Mind you, Brexit plays out against a global context. Britain’s European departure is coinciding with an unprecedented global glut of Class A drugs. Cocaine, heroin and MDMA are all in plentiful supply – so perhaps there is some leeway in the prices that can be absorbed by traffickers.

Among Liverpool’s drug dealers, there is little concern about the drug supply drying up. A £400 million port terminal on the river Mersey, called Liverpool2, is now capable of accepting a new generation of mega ships known as Post-Panamax vessels, which are able to traverse the Americas via the newly expanded Panama Canal. After Brexit, boats arriving direct to Liverpool – and any other UK port – will be subject to one less border check than if they docked in Europe before heading to Britain. And that’ll make the route attractive to Colombian exporters.

While Brexit shuts some trafficking doors, Professor Sergi thinks it’s a safe bet that new routes into Liverpool2 direct from Latin America will open new ones. As she says, “Liverpool as a city has strong roots in organised crime, and a long-standing specialism in cocaine importation.”

What do those in charge of policing the UK’s 12,500 km border foresee? Will drug traffickers be able to take advantage of the situation? Paul Lincoln, director general of UK Border Force, doesn’t think so. “Border Force’s priority is to maintain border security and support the flow of legitimate passengers and goods, and we are on track to increase our headcount by around 900 full-time staff by the end of March 2019,” he says – although it’s worth pointing out that not all of these new employees will be fighting narco-trafficking.

“Extensive work to prepare for no-deal is well underway, and we are working intensely with operational partners to put these plans into action to ensure we can continue to tackle fast-evolving threats,” he adds. “These plans include moving to tried and tested alternative mechanisms already used for security co-operation with many non-EU countries.”

If we leave with no deal, increased border checks would have to be imposed so we could collect our own import taxes, and that could mean more seizures, fewer drugs on the streets and increased prices. “It will be harder to move product into the UK from Holland or Belgium than before,” a hash and cocaine smuggler tells VICE. “But then, our prices can go up too.”

That said, the UK leaving the EU with no deal could benefit drug smuggling gangs in other way. “In a no-deal exit, losing access to key EU information-sharing tools would have a significant impact on the operational capabilities of UK law enforcement,” says an NCA spokesperson. “In particular, we extensively utilise the European Arrest Warrant, the Schengen Information System, Europol, European Criminal Record Information System and the European Investigation Order.
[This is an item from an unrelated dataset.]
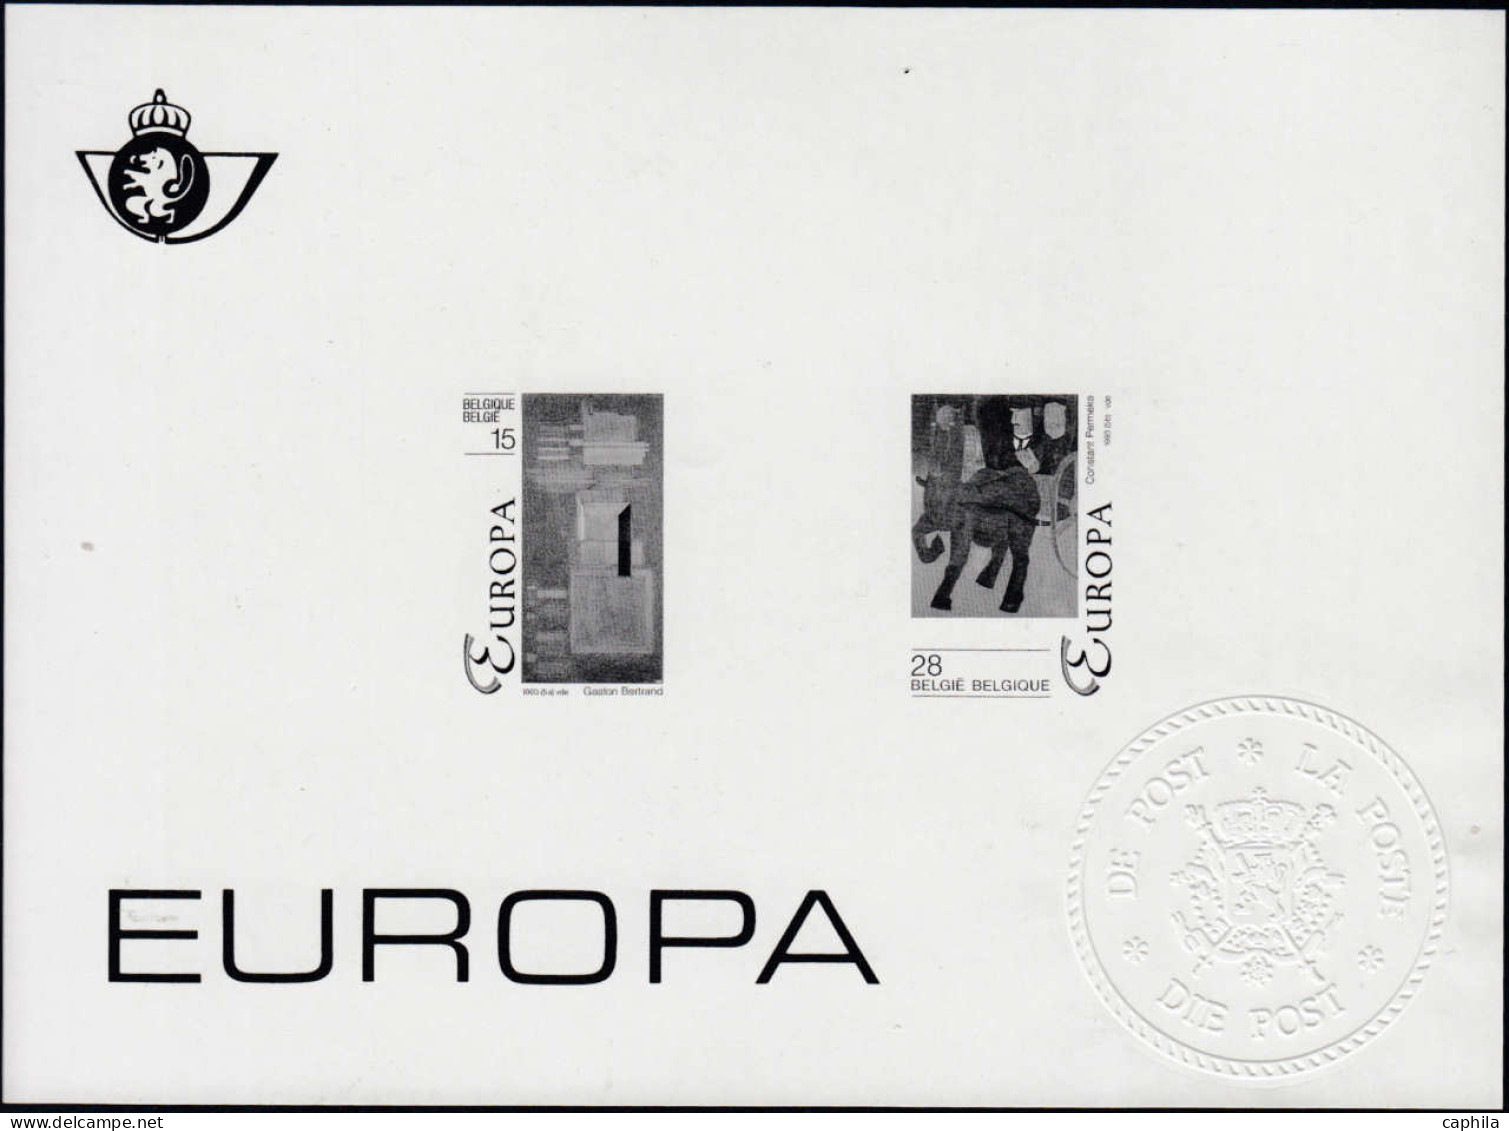 - BELGIQUE FEUILLETS NOIR ET BLANC, 1987/20113, (type ZW/NB), en pochette, cote COB: 420 €

It is important to law enforcement that future UK-EU security cooperation includes arrangements in these areas.”

Still, the NCA say there is “no indication” that ‘No Deal’ will increase the total amount of drugs or firearms flowing into the UK. But, they do add that it’s “reasonable to speculate that there may be an increase in attempts to import commodities directly into the UK rather than via some of the traditional trans-European routes”, to avoid border checks in Europe before reaching the UK.

A great deal of drugs now enter the UK by fast-parcel and courier service, ordered over the dark web – and Brexit won’t change that. But Border Force has just advertised for new operatives to work in “Fast Parcel Operational Teams” to enhance their capacity “to intervene on national security and customs grounds to prevent the industry being used by illegitimate and criminal actors”. That means they’re soon going to be extra-vigilant when it comes to spotting dark web packs from the Netherlands.

So, should users be stocking up on drugs now while prices are low, borders are open and purity is unprecedentedly high? That’s up to them. But the prospect of an involuntarily sober few years in Brexit Britain is, for many people, a bleak prospect indeed.